--- Material provided ---
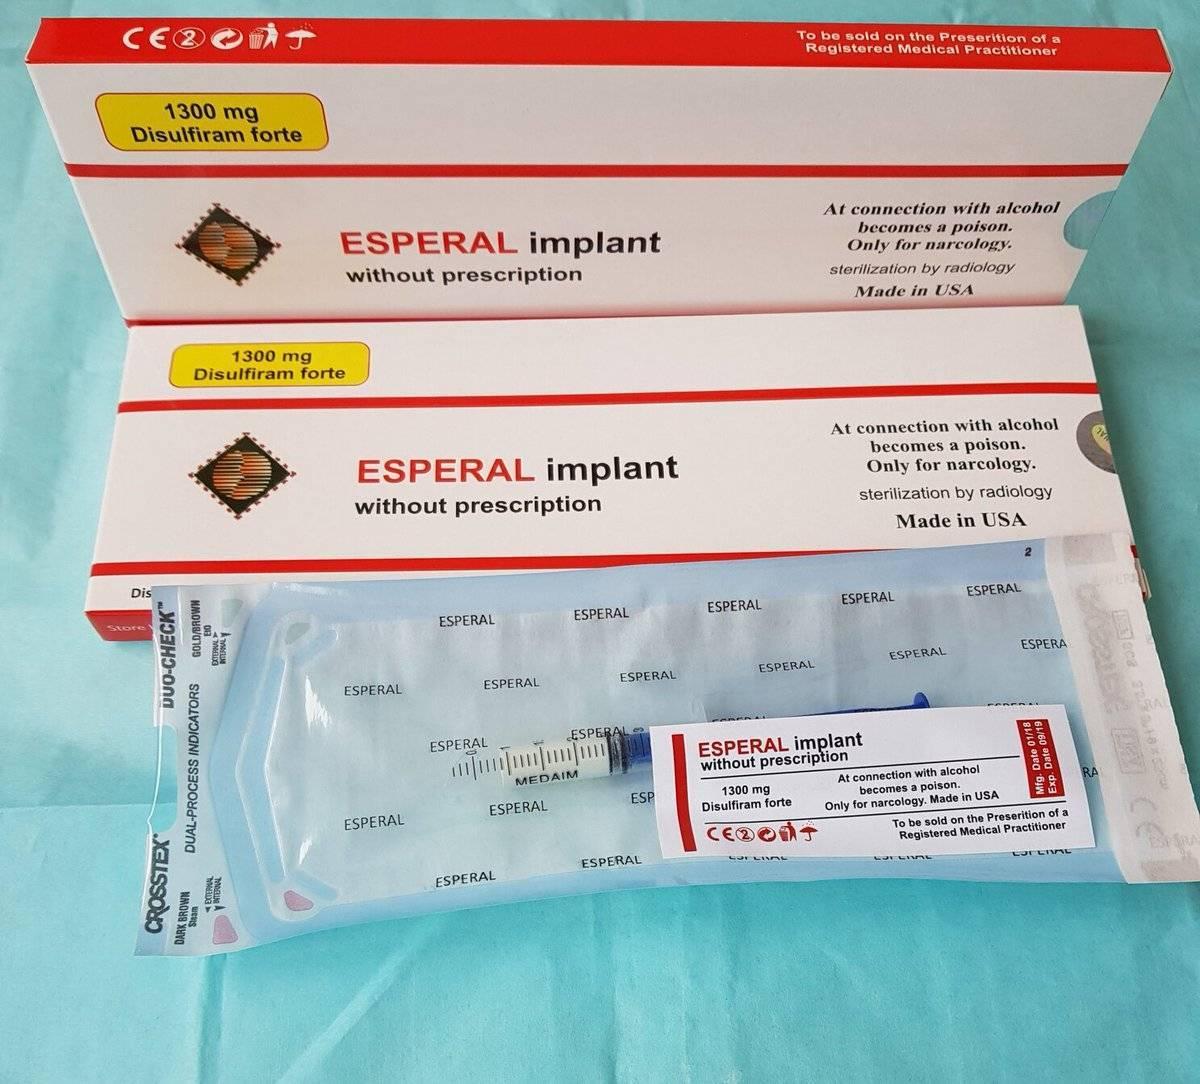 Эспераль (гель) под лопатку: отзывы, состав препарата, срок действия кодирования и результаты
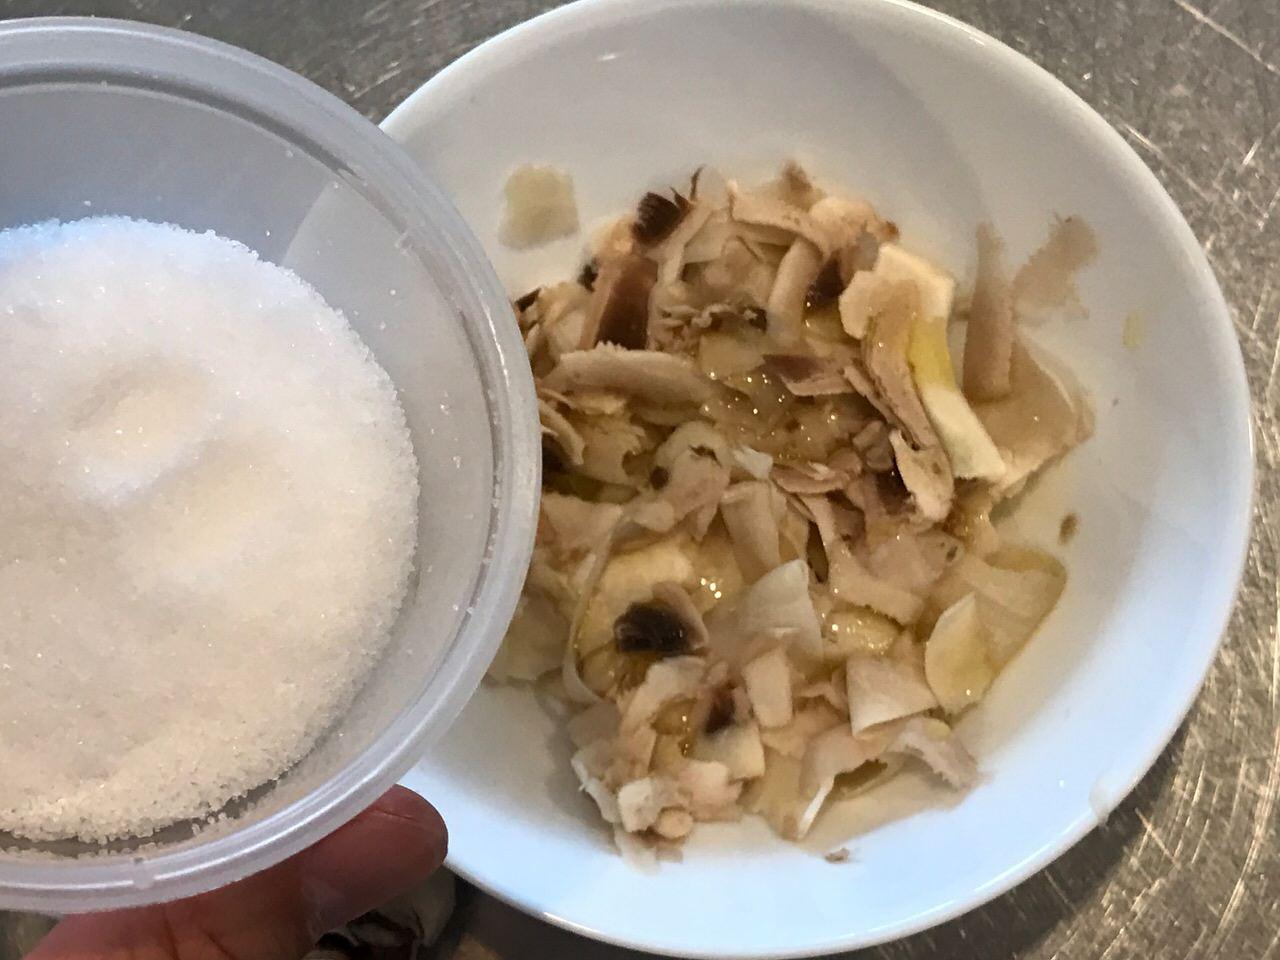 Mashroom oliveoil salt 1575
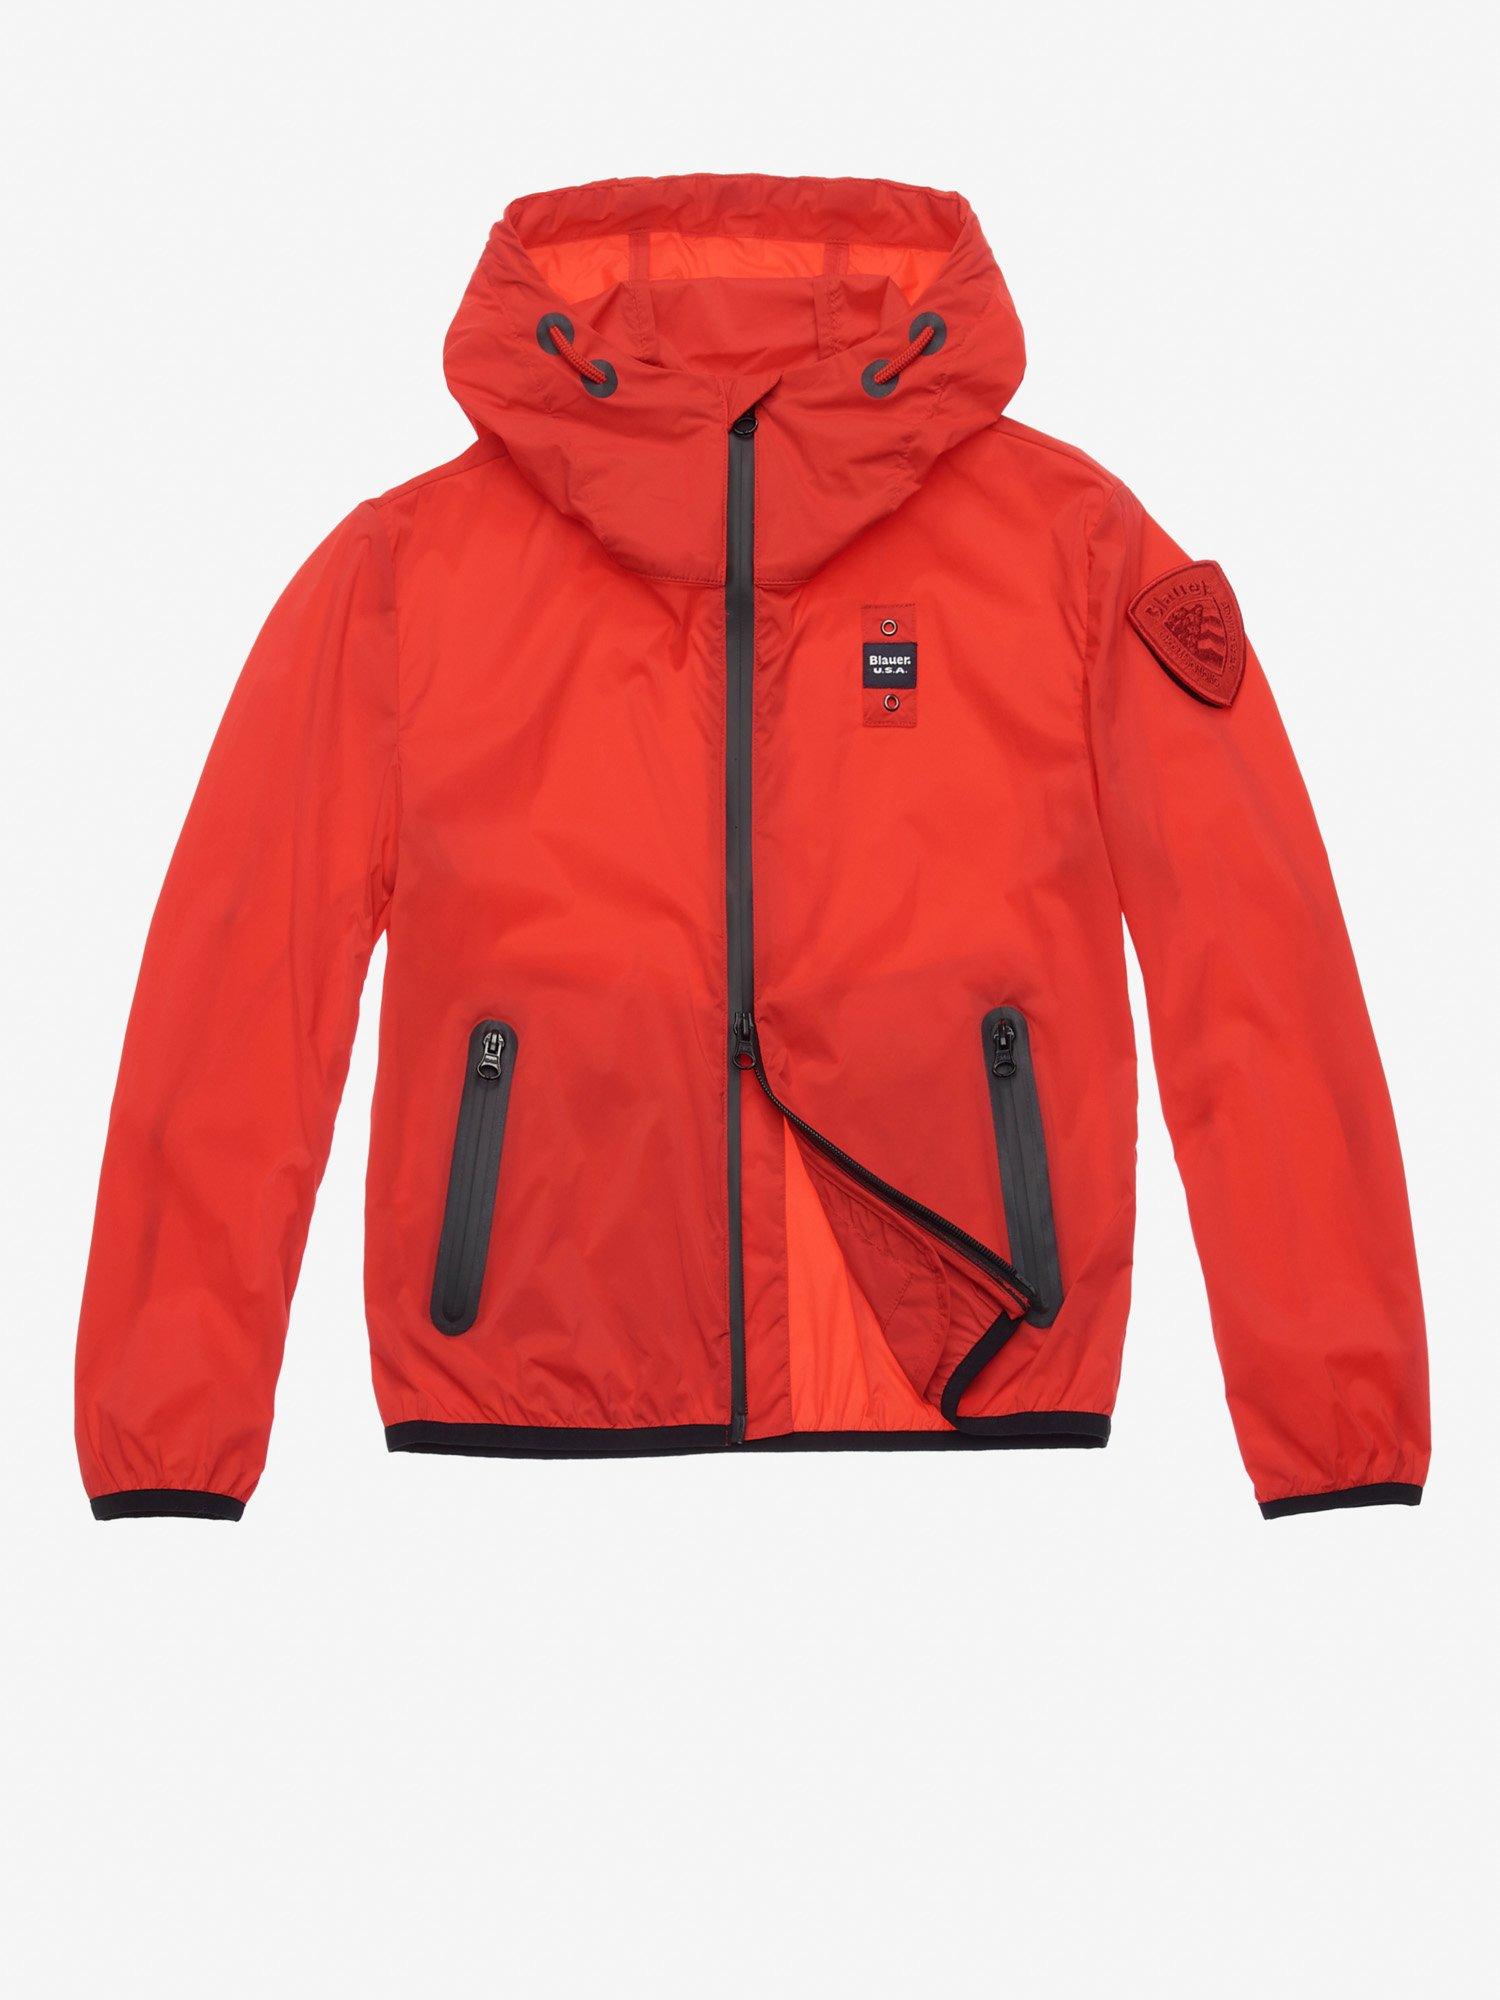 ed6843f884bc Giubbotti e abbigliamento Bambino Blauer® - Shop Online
---
Write the data out again word for word; leave the pictures behind.

Output for this task:
 Эспераль (гель) под лопатку: отзывы, состав препарата, срок действия кодирования и результаты
 Mashroom oliveoil salt 1575
 ed6843f884bc Giubbotti e abbigliamento Bambino Blauer® - Shop Online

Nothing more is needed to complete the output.